And so it's in all these processes beyond that. is a fire. So, so far you've come in, you've seen a cut of meat, people [00:51:00] cutting meat and a fire. And my concept pitch is done. Like, it's like, this is like heaven for them. I don't have any more explaining to do. You've already figured it out. Like the old man said, I know what you're doing here.
Yeah. You know, And and that's it. And then there's crocs full of in season. They're in potatoes. There's tomatoes laid out on sheet trays because we don't refrigerate our tomatoes. They come in and the only place that we have in the whole restaurant is this right there. We're not showing them off. We just don't have another place to put them, you know, and, uh, you know, other fruit might be ripening.
There's definitely something fermenting. I mean, on purpose, uh, somewhere in there in a crock or more likely in a 50 gallon bin. Uh, there's, there's some, Huge batch of sauerkraut or kimchi going. Um, there's, there's jars of dried peppers. There's a little bit of retail space. And then there's a place [00:52:00] to sit down and have all that.
And then there's a bar. And then there's the wine and there's the beer and done. And then beyond that, in the back of the restaurant is a, a walk in that will never be big enough. And an office that will certainly never be big enough and a dish pit that's actually kind of roomy. The way you're describing, I'm like, I can't imagine where this actually is in the restaurant.
Yeah, it's, it's, uh, and that's it. That's it. That's I've described the entirety of it. There's a nice machine back there, but The only thing that you don't see is the dish pit, the boring stuff that happens on the computer and the place, the big place where we keep the stuff cold. That's it. What's changed in your philosophy around food since you started Daidue until today?
That's a great question. I mean, I think that I've just, I've. I've mellowed, you know, young, maybe a little too idealistic or opinionated. [00:53:00] Um, I feel like things are better when you're open and not Not judgmental. I used to be very hardcore. Like, oh, you know, I'm not gonna eat any meat unless it is like this and But I think more more than that.
I really appreciate like I've been so fortunate to witness these other Entities grow in like a business way, you know, like farms that have gone from small farms to medium sized farms and You know, farm to table who has really enabled the serving of locally produced foods because they, they made it very convenient.
And that's, that is key, that wholesale, that, that distribution model. Um, you can get. [00:54:00] milk and apples and all kinds of vegetables and some meats and all this stuff from them delivered tomorrow morning. Um, that's been really cool to see that happen. Um, and things like An appreciation for H E B, you know, like a great company.
Now, do they serve a bunch of non locals or sell a bunch of non locals? Of course, yes. I mean, that's, but you know what they also quietly do is sell a ton of really good local produce, like, I mean, from larger producers. It's affecting the landscape in a really beneficial way. I think, you know, it's still promoting farming, a lot of organics.

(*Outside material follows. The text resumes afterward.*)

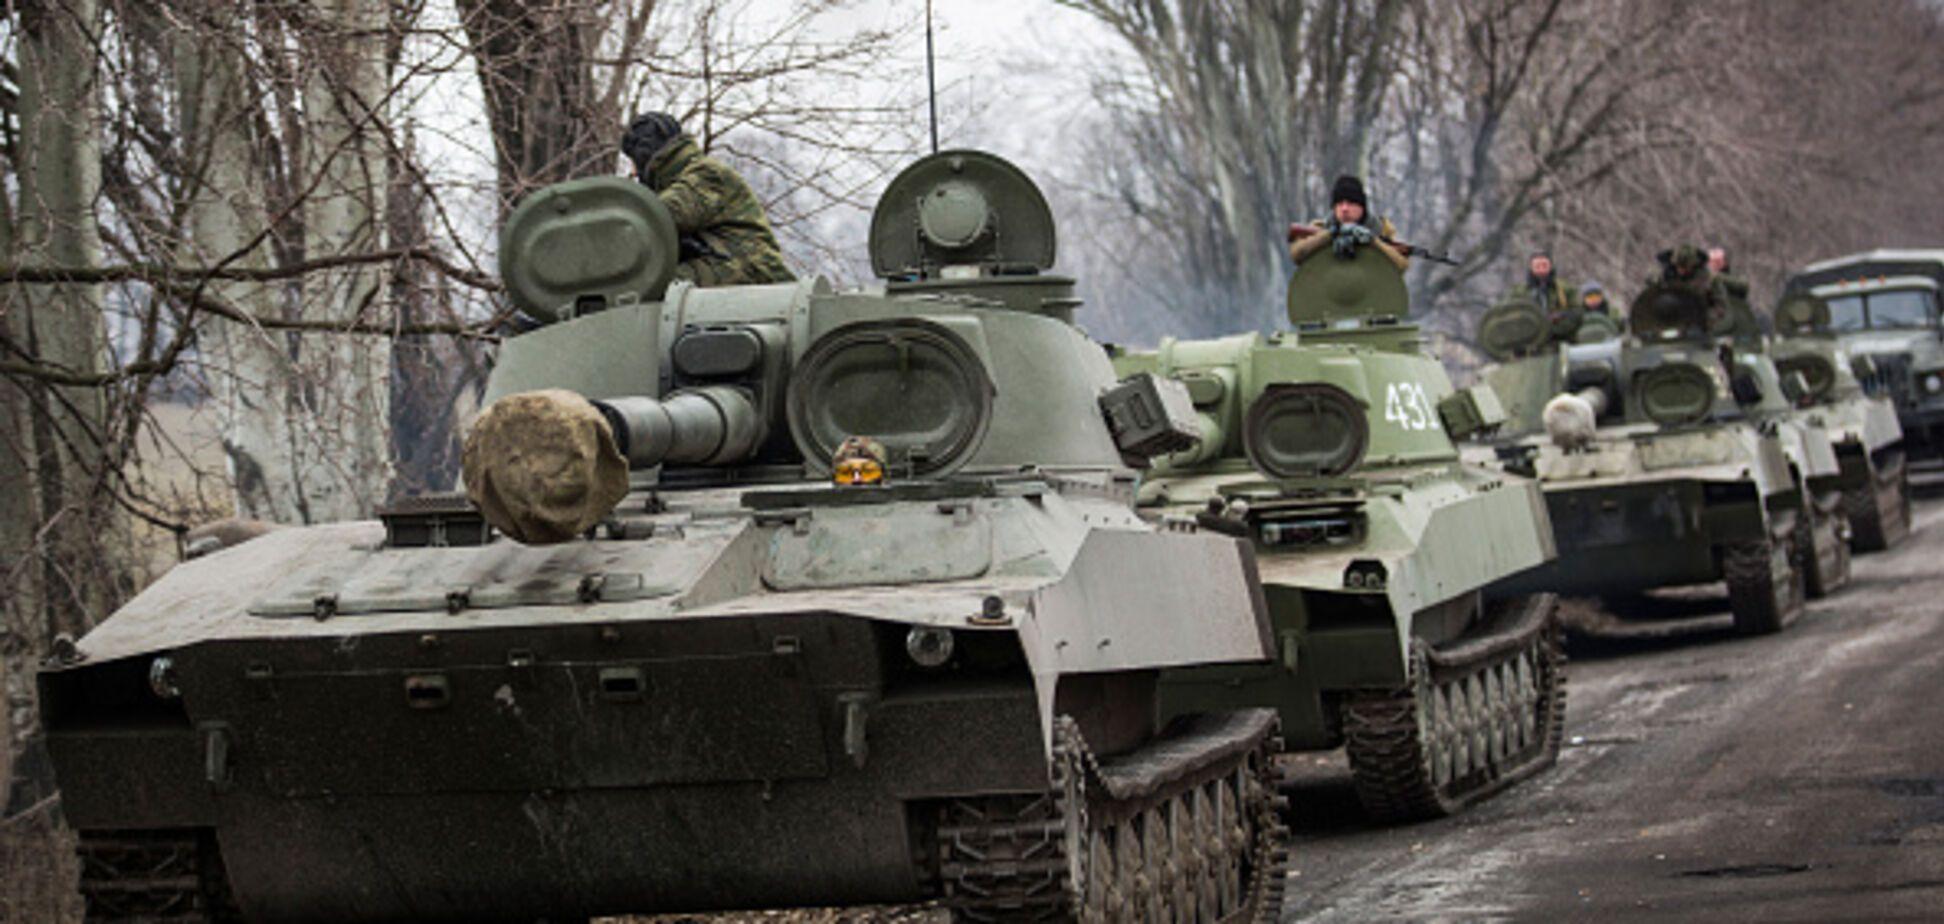 Стягивают силы: террористы готовят очередную провокацию на Донбассе

Like just today at central market, I bought okra, red onions, cucumbers, and mushrooms, uh, all locally grown from central market, you know, HB, uh, pretty [00:55:00] cool. And that was not even everything that they had available, you know, is so an appreciation for these. Huge bottles that are incorporating those kind of things in there and really helping that whole food system quite a bit, in my opinion.
I mean, I could be wrong about that, but I'd say that I just like an appreciation of wherever we can make strides is beneficial. Yeah, so we can't just immediately flip the model on its head. You got to solve for feeding people at scale versus the constant improvements like you're talking about. I think that H E B story is great because I guarantee you there's probably a ton of people locally around the country that just assume that.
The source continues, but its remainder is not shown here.